__The task__
What is needed is an exact copy of the data below, pictures excluded.

__Data shown__
------------

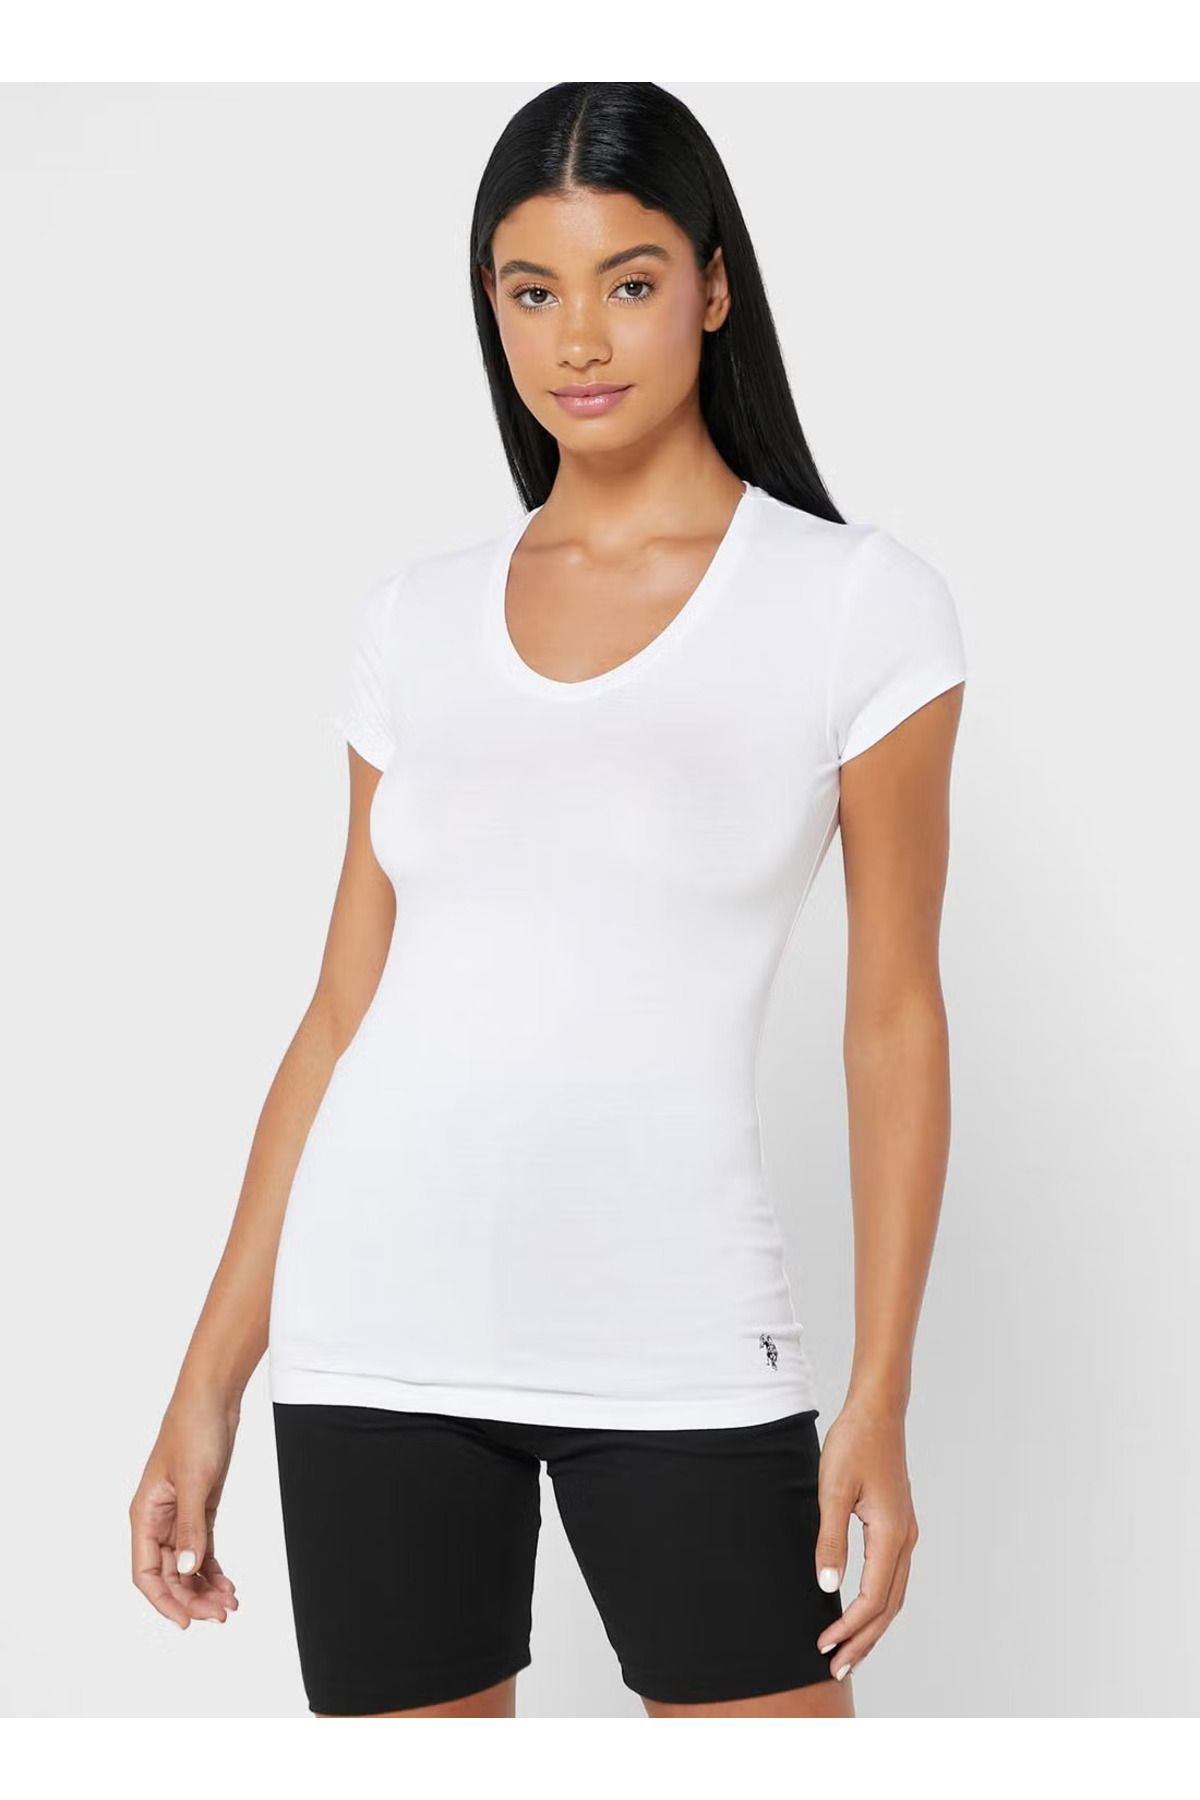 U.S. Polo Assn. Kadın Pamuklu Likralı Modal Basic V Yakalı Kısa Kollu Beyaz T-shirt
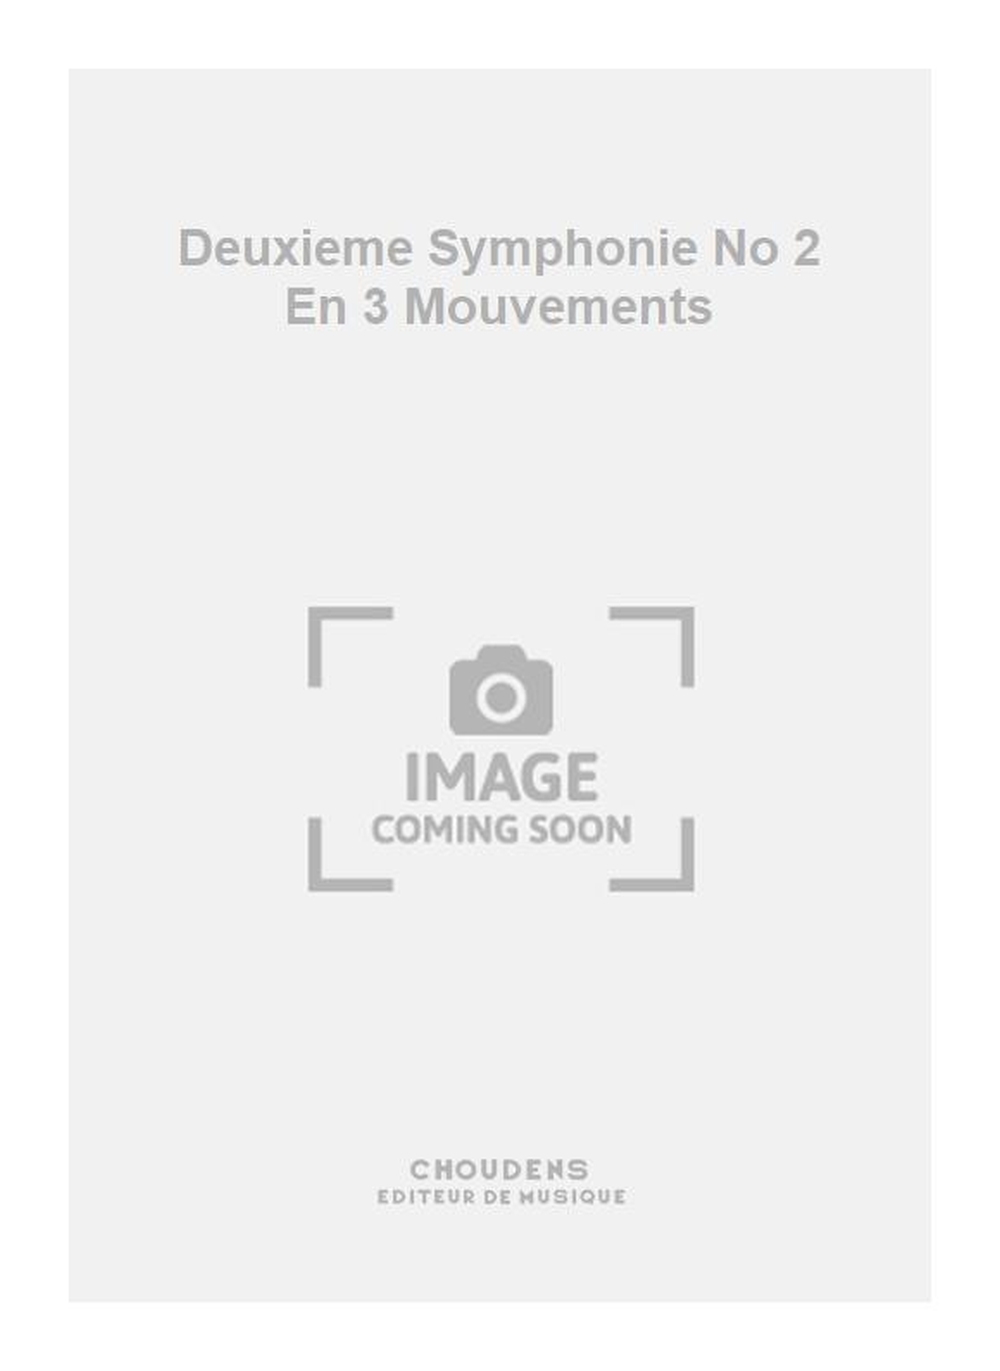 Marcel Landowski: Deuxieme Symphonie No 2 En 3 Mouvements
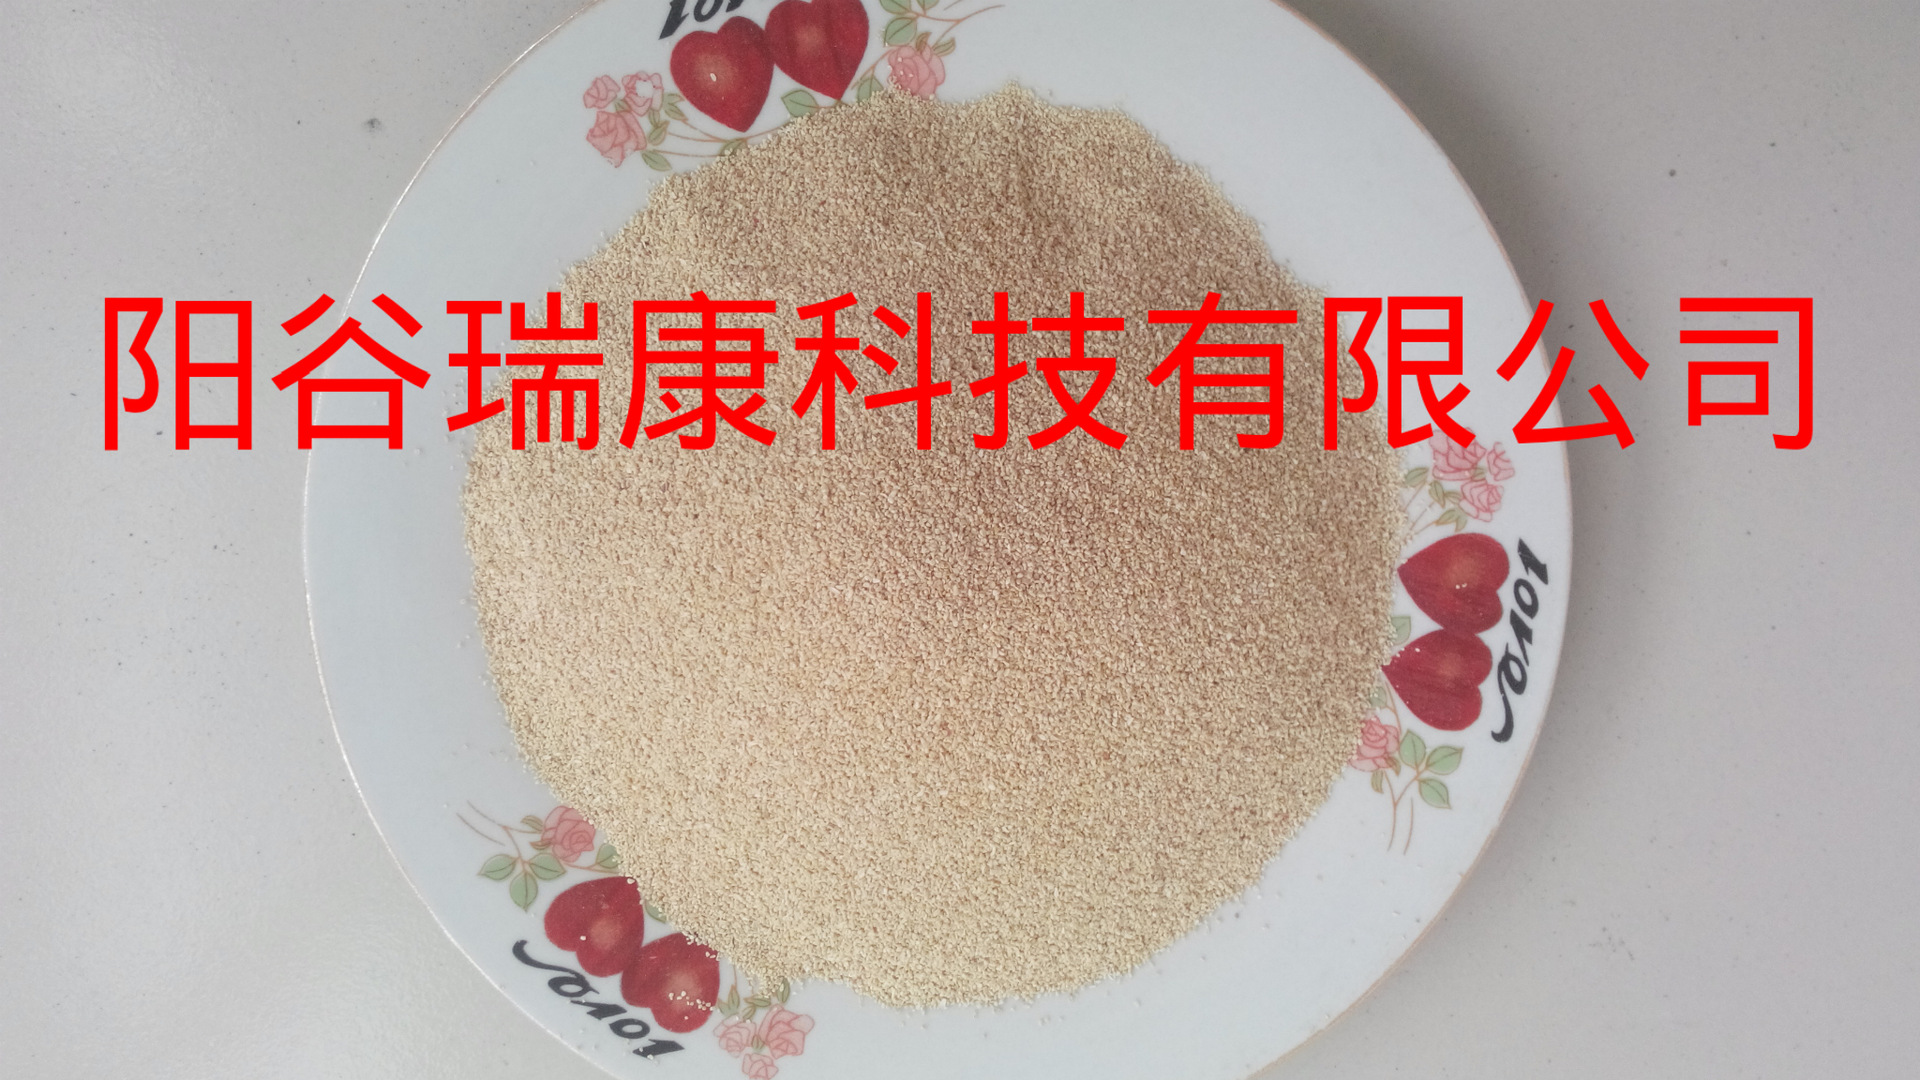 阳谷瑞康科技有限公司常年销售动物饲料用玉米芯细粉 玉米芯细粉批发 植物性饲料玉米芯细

------------

__Your solution__
 U.S. Polo Assn. Kadın Pamuklu Likralı Modal Basic V Yakalı Kısa Kollu Beyaz T-shirt
 Marcel Landowski: Deuxieme Symphonie No 2 En 3 Mouvements
 阳谷瑞康科技有限公司常年销售动物饲料用玉米芯细粉 玉米芯细粉批发 植物性饲料玉米芯细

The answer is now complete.